Yoshi, she thinks, is a little annoyed. She’d seen him earlier vacuuming in a very aggressive fashion, unlike his usual calm thoroughness. Yoshi likes a clean ship, but it is also his way, Helen thinks, of giving heft and validity to what can be seen and controlled.

Possibly she is exaggerating their vulnerability. Sergei may well be over his lapse of reason, and Yoshi may be perfectly content.

She has her own problem: she is very attractive just now. It’s unfortunate that without hair she should look so beautiful; Helen hopes that she’s the only one who has noticed. She wasn’t selected for this, she’s meant to be the female the other two males will not find alluring. It’s something of an effort to keep her hands off her own head, to not touch her neck, her waist, her thighs, her hips, her breasts, her stomach. Her skin is remarkable: in some places dry and papery like lovely parchment, and in other spots, warmly malleable like sweet dough. At night, in her sleep compartment, she holds parts of herself with a real appreciation.

They are all in extreme close-up; one notices the appearance of a new eyebrow hair. And yet they must communicate as if they are not noticing this. They must protect themselves, from Prime, from one another, from whatever parts of themselves they are grasping in the dark.

On all the Red Dawn screens now: Venus. Their view is shaded: Venus is too bright to look at with the naked eye, but in other ways it has not been enhanced in the ultraviolet-filter way the planet often is. Not, then, a hot mess of toxic chemicals and misshapen volcanoes covered in sulfuric acid clouds, orange and yellow, ugly, a planet gone wrong. No, it looks like what it should truly look like: a cream-colored ball, spinning very slowly in the opposite direction most other planets spin. They have to be disciplined about when they look at it, otherwise they would do nothing but look.

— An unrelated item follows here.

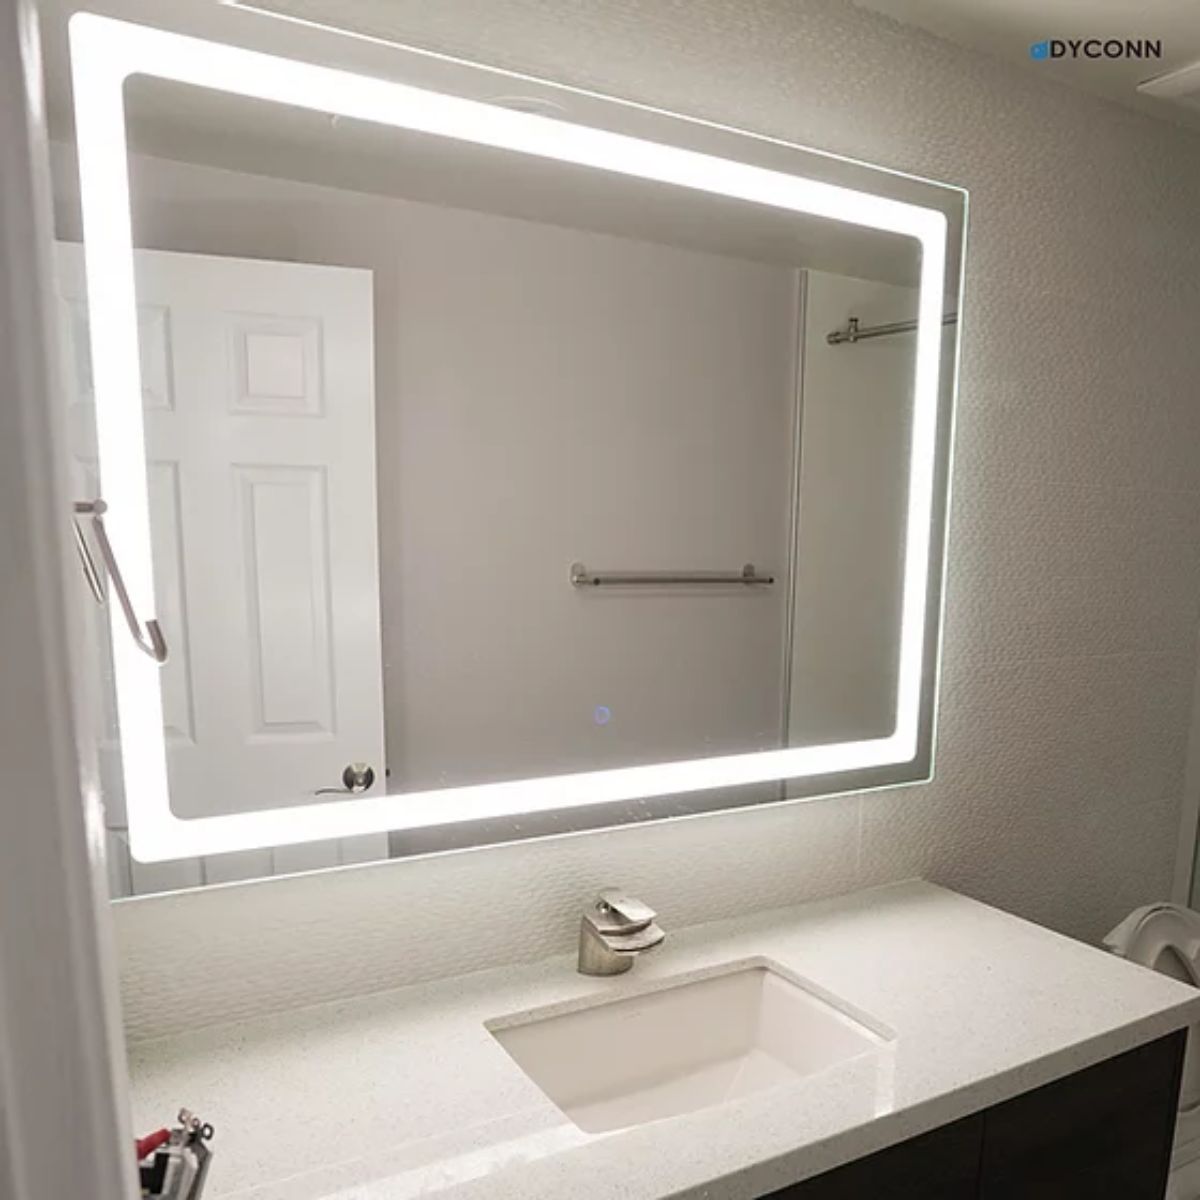 Swan 48 in. x 36 in. LED Wall Mirror with Touch On/Off Dimmer Function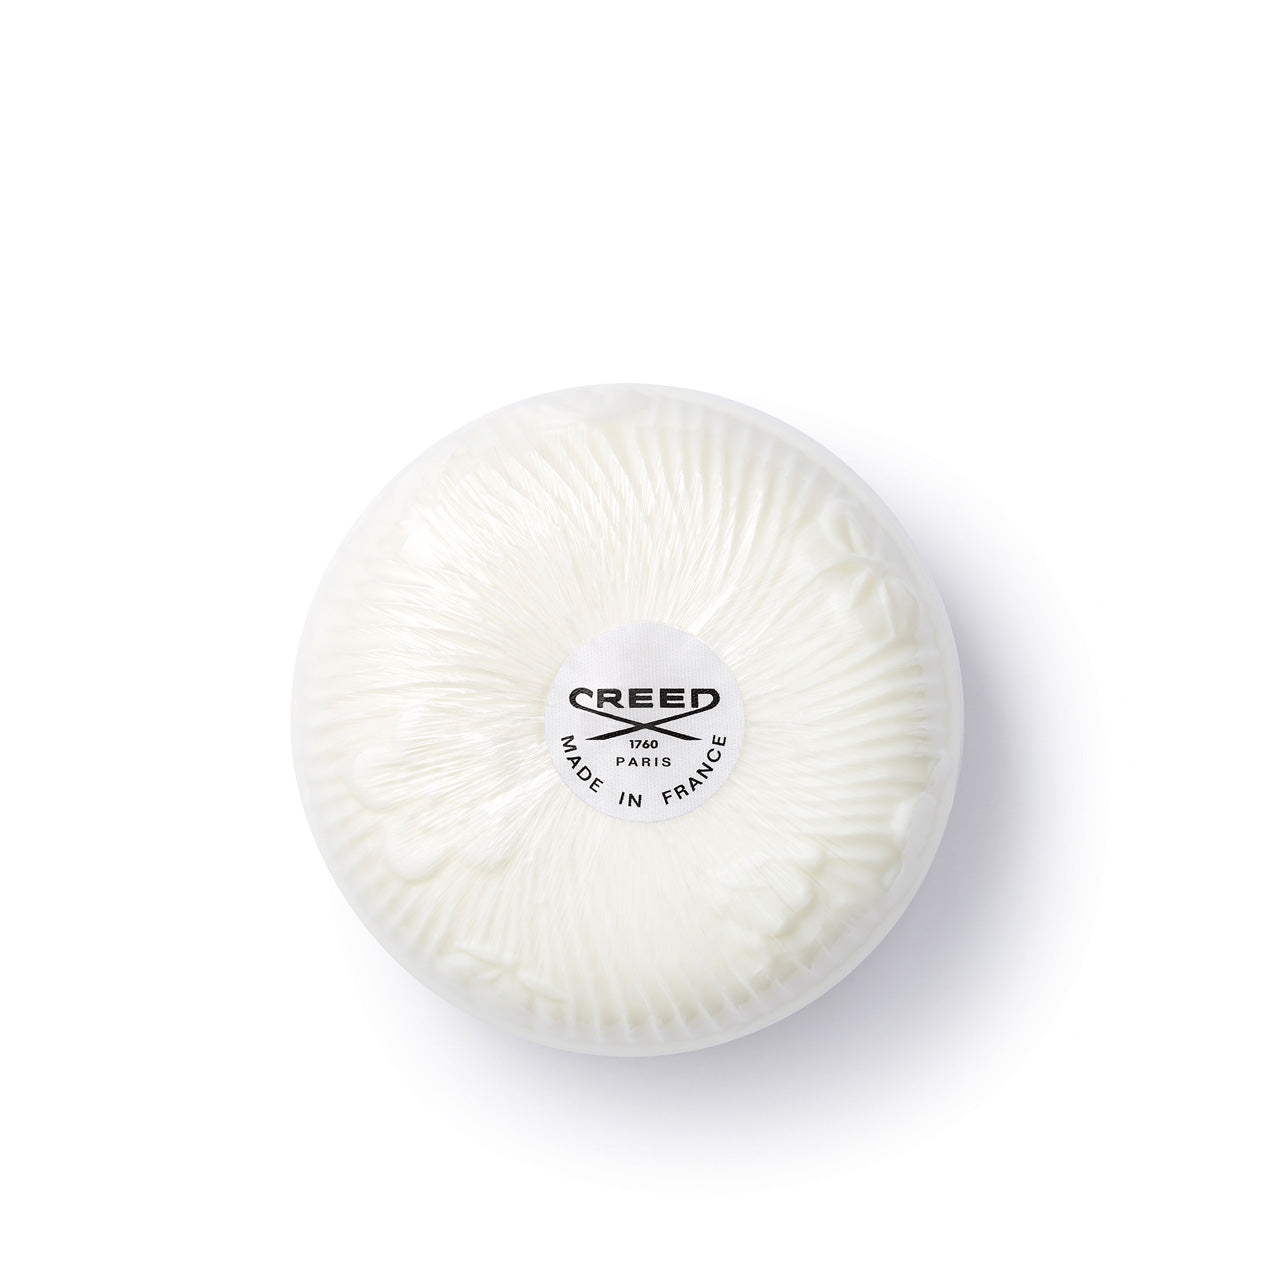 CREED AVENTUS FOR HER SAPONE SINGOLO 150 GR AVENTUS FOR HER SAPONE SINGOLO 150 GR 2000001775189 €40,00

“I have good news,” Yoshi says. “The red pepper is ripe. We can eat it. This week’s winning recipe calls for a red pepper.”

The crew moves to the large console in the Science/Lab wedge.

“It’s a lot of steps.” Helen scans the recipe instructions. “But I guess no one needs Fifty Quick Recipes for Long-Duration Space Travel.”

The recipe says that it will take them three and a half hours to make this dish. Was preparing dinner a meaningful use of three and a half hours? Did knowing that part of this elaborate dinner’s function was to keep you occupied make it more, or less, meaningful?

Yoshi points out a line of the recipe that calls for three fresh bay leaves. “I see another sacrifice is called for. Alas, poor Mildred.”

Yoshi had given the herbs in their garden lab these sorts of names. Mildred. Dorcas. Ermengarde. He hadn’t named the vegetables: the zucchini, spinach, red pepper, pale descendants of the Primitus garden lab.